Computer crimes targeted at businesses are at their lowest level ever, according to a leading expert in the field.
Computer crime, observed Robert Richardson, editorial director for the Computer Security Institute (CSI) in Philadelphia “is as low as it’s ever been and has dropped off significantly from last year.”
Speaking yesterday at a Webcast on the annual CSI/FBI Computer Crime and Security Survey, Richardson noted that the average loss per cybercrime incident in 2005 was about US$250,000. That compares to $500,000 in 2004 and more than $3 million in 2001 — the highwater mark for the survey, which has been conducted annually since 1999.
“We’ve gotten better and better at stopping [attacks] before they cost us a lot of money,” Richardson told Webcast listeners.
SOX Socks Crime
Another reason for declining losses due to cybercrime could be increased demands on corporations to comply with rules and regulations like the Sarbanes-Oxley Act.
“The impact of Sarbanes-Oxley and other regulations will continue to grow not only in North America but on a worldwide basis,” maintained Bob Tesh, a senior manager with NetIQ, which sponsored the Webcast.

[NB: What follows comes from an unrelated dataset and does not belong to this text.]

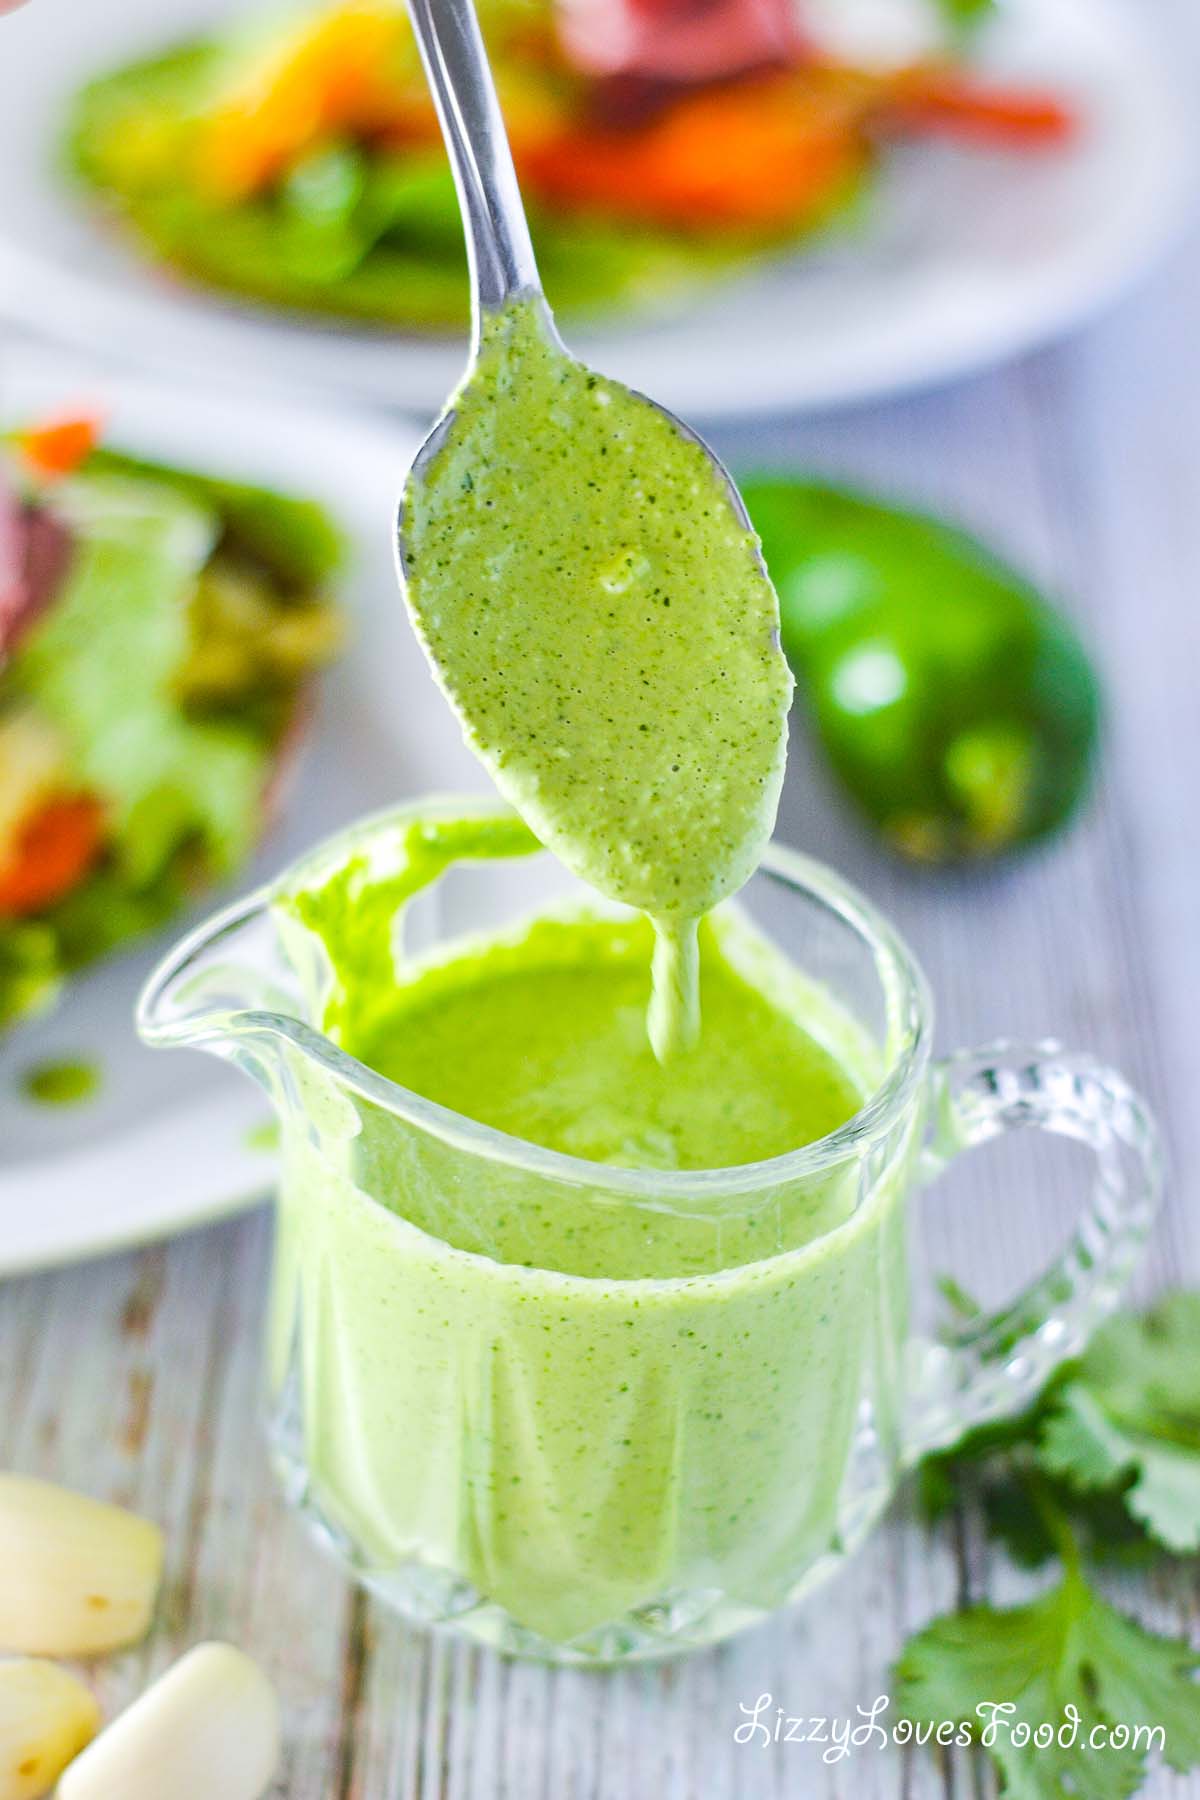 Peruvian Green Sauce with a dipped spoon
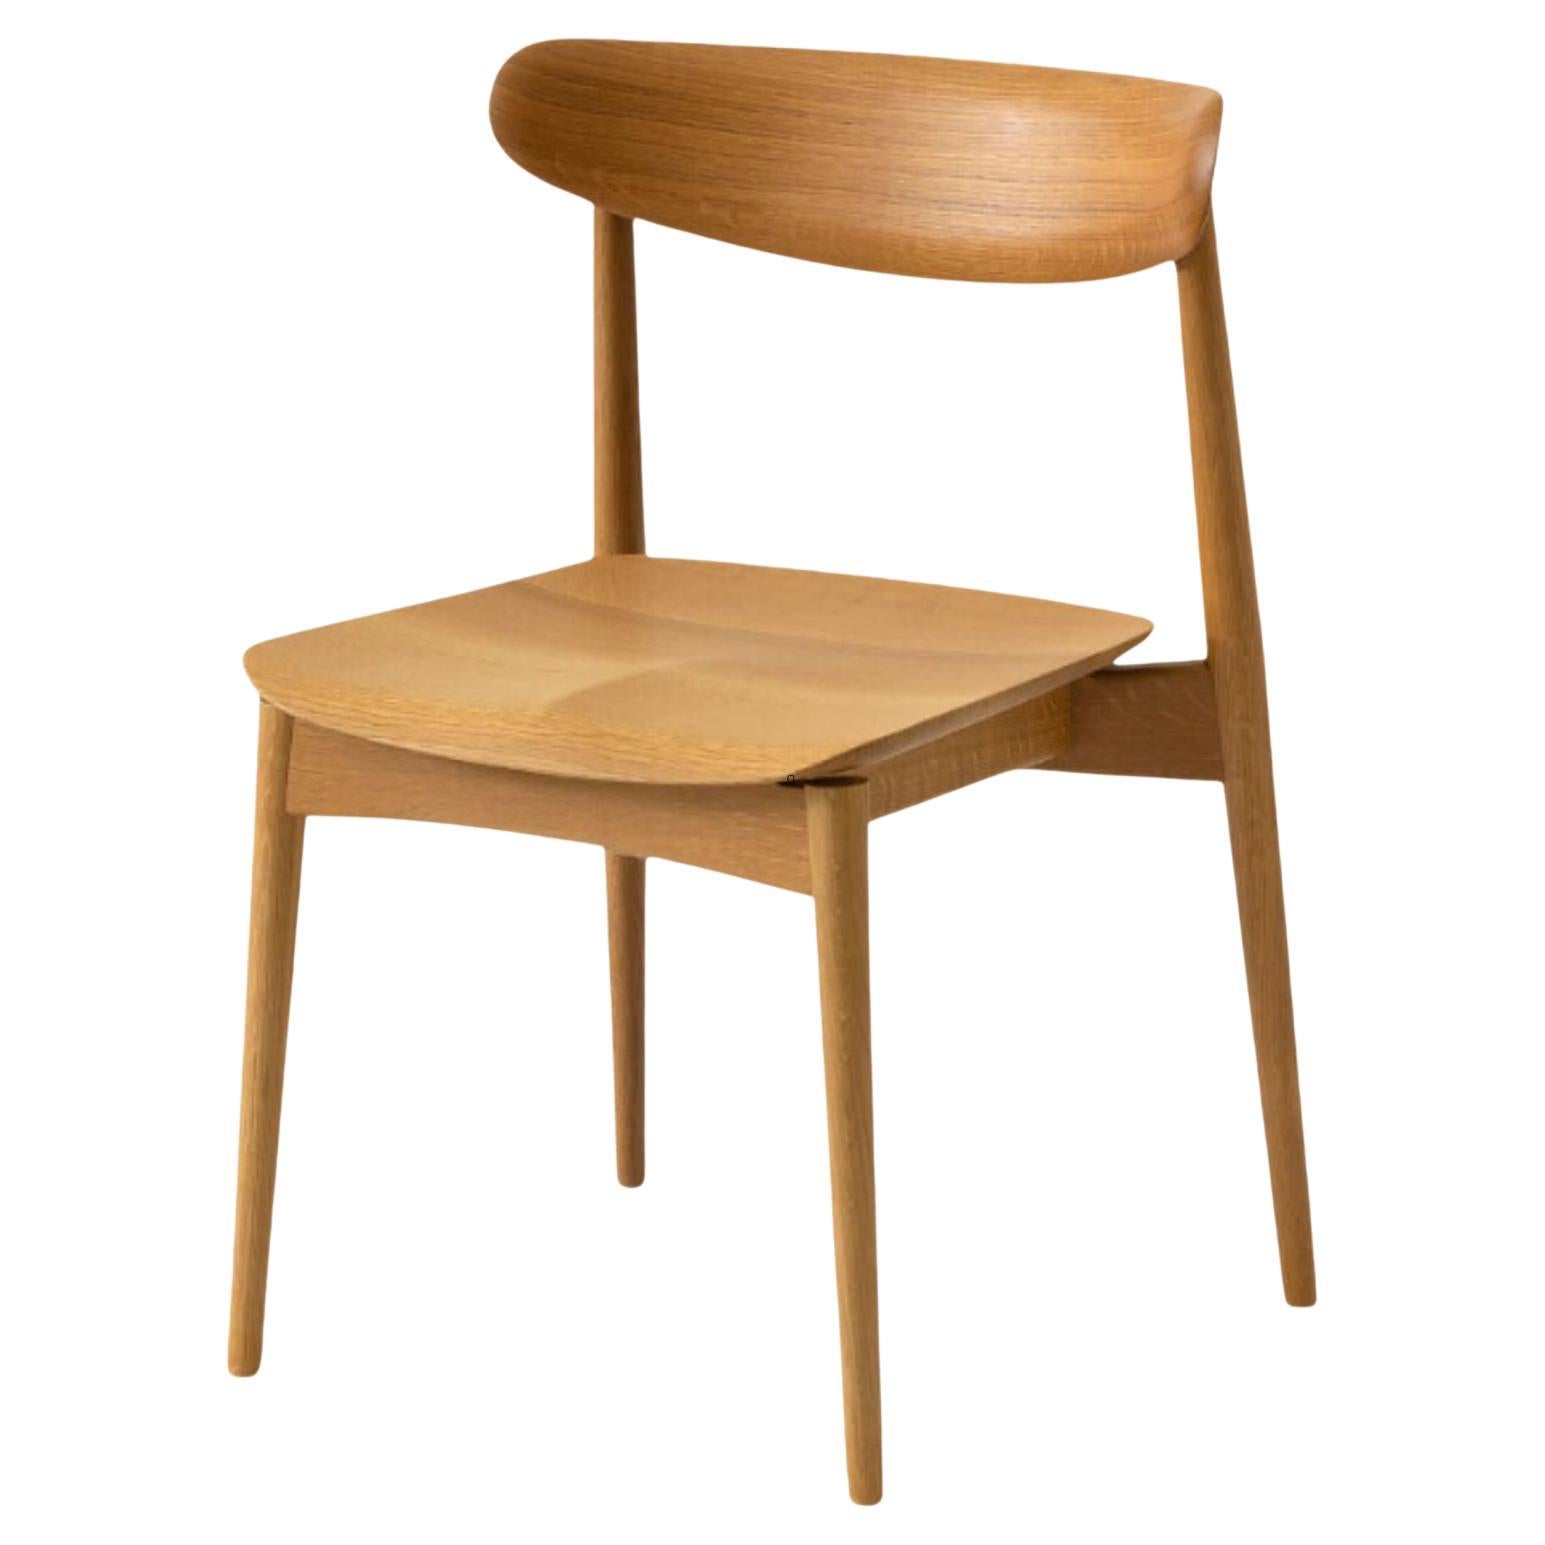 Motomi Kawakami 'Seoto KD201' Dining Chair in Oak and Upholstery for Hida For Sale 2

“Compliance and risk management are becoming critical, not just in a few industries that have been regulated, but across many,” he added.
Viruses Top Mischief List
According to the survey, total cybercrime losses in 2005 were $130.1 million.
More than 80 percent of those losses, the survey showed, were attributed to three forms of cybermischief: viruses, unauthorized access to computer systems and theft of proprietary information.
“Even though in many ways we’ve gotten a much better handle on how to handle your every day virus attack, nevertheless, that’s still the top most pain point for the respondents to this survey,” Richardson said.
While average losses declined in most crime categories, surveyors found that they jumped alarmingly in two areas. Loss per incident of unauthorized access to information rose nearly sixfold, to $300,000 per incident in 2005 from $51,000 last year. The average loss per incident attributed to theft of proprietary information more than doubled year over year, to $360,000 from $168,000.
“Sixfold and twofold are large jumps,” Richardson conceded, “but one thing to point out is that they started from a relatively small base.
“These jumps, while I think they’re significant in terms of indicating where growth in the hacker industry, so to speak, is going on, the sixfold part of that information may not be as significant,” he contended. “The more important thing to focus on is that those are the categories that are growing.”
Tesh added that one reason that those categories may have increased dramatically is that companies have had to pay more attention to those areas due to increased regulation.
Low Hanging Fruit
Although cybercrime against businesses appears to be declining, Richardson postulated that some of that decline may be attributed to information highwaymen focusing their malevolent acumen elsewhere.
“If you think about where the pain in the security industry is right now and where the heat is around the media coverage and so forth, it’s really focused right now on issues of theft of identity, phishing and pharming, essentially consumer-targeted fraud,” Richardson said.
“The victims of these crimes, primarily, are the end users that have been duped into providing account information that’s been used to steal the individual’s money from their accounts,” he observed. “Those thefts are not coming out of enterprise coffers.
“So, in a sense, the low-hanging fruit for hackers right now really may have shifted outside of the enterprise for the time being — don’t know if it will stay there — but it may have shifted out more into the consumer arena,” he reasoned.
Outsourcing a No-No
Although many companies are looking for ways to outsource almost anything, security isn’t one of them, according to the survey. Some 63 percent of respondents said that no part of their security function was outsourced.
Surveyors also discovered that insurance wasn’t a popular weapon in the corporate arsenal against cybercrime, with 75 percent of respondents eschewing underwriters.
“There’s not a large buildout of cyberinsurance at this point,” Richardson noted. “But it does seem that as a tool for managing residual risk, insurance is something that really needs to be in an information security professional’s arsenal. So I expect to see that number to be ticking up over the years.”